Ключевое в данном контексте понятие, информация, может пониматься двояко (мы
опустим его обыденные и узкоспециальные определения): во-первых, как
количественно не выражаемая степень организации системы (здесь информация
синонимична структурности); во-вторых, как мера модификации субъекта
взаимодействия (информации тем больше, чем значительнее изменения,
претерпеваемые воспринимающей ее системой). Иными словами, первый аспект
характеризует внутреннее состояние субъекта взаимодействия, его структуру;
второй же отражает степень устойчивости/неустойчивости этой структуры во
взаимодействии с объектом (другой структурой или средой). Взаимообусловленность
этих аспектов позволяет на целостной основе раскрыть механизмы процессов
взаимодействия в рамках оппозиции «социум — среда».
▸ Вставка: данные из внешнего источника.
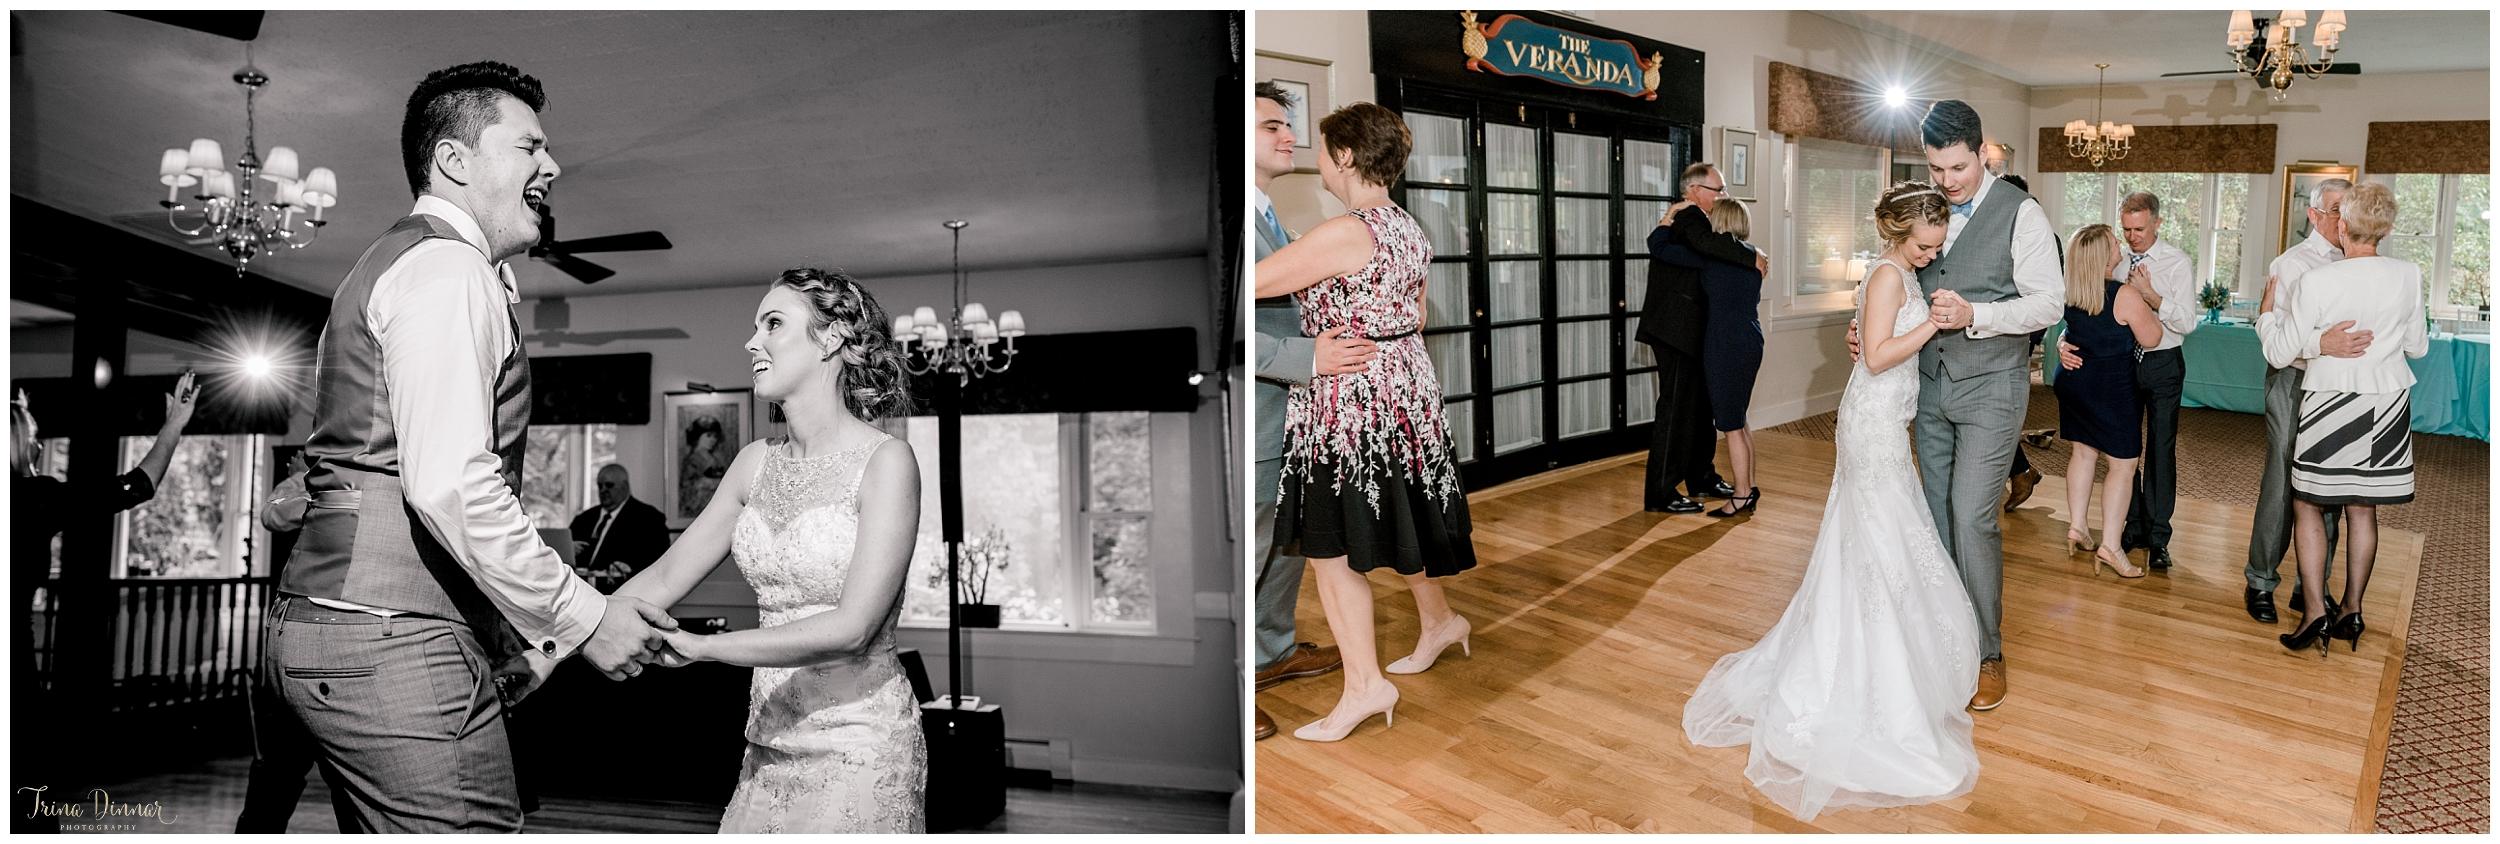 Cape Neddick wedding reception dancing

Можно с полным основанием утверждать, что именно
структурная информация, т.е. состояние самого субъекта восприятия, в
значительной степени определяет характеристики воспринимаемой информации и,
следовательно, характер и глубину своей модификации в процессе взаимодействия с
объектом. В этой связи, необходимо рассмотреть социальную структуру как
структуру информационную.
Социальная структура в рассматриваемом контексте
представляет собой информационное инобытие социального организма, аккумуляцию
его эволюционного пути, воплощение его истории, некогда воспринятой и
объективированной информации. Эта информация проявляется как в материально-вещественных
атрибутах социума, так и в его особом семиотическом (знаковом) пространстве,
позволяющем не только сохранять (дублировать) структурную информацию, но и
оперировать ею. Кроме того, структурная информация может быть актуальной, иначе
говоря, составлять сам социум или участвовать в его функционировании, а может
быть потенциальной, т.е. образовывать некое поле виртуальной, возможной, но не
реализованной информации, создающей необходимую для нормального существования
социума степень вариативности, стохастичности. Между актуальной и потенциальной
информацией в структуре социума нет четких границ, постоянно происходит
проверка «на прочность» структуры, а также отбор и выбраковка ее возможных
альтернатив.
Чтобы получать информацию об объекте необходимо иметь
соответствующие средства преобразования входящих сигналов, которые бы позволяли
воспринимать и интерпретировать эти сигналы как осмысленные. Все это напоминает
процедуру «распаковки» информации в знаковых системах, в связи с чем, считаем
уместным обозначить информацию как текст,
ее восприятие как считывание, а
процесс ее объективации в структуре социума как интерпретацию. Согласно этой логике, социальная структура,
представленная в виде сложного нелинейного текста,
неизбежно становится информационным фильтром, пропускающим через свои «врата
восприятия» только то, что может быть воспринято и отсекающим все остальное,
являющееся для социума «прозрачным», «невидимым». Таким образом, можно
констатировать не просто избирательность восприятия, но избирательность тесно
связанную со свойствами самой социальной структуры: текст может быть «дописан» или изменен только «понятными»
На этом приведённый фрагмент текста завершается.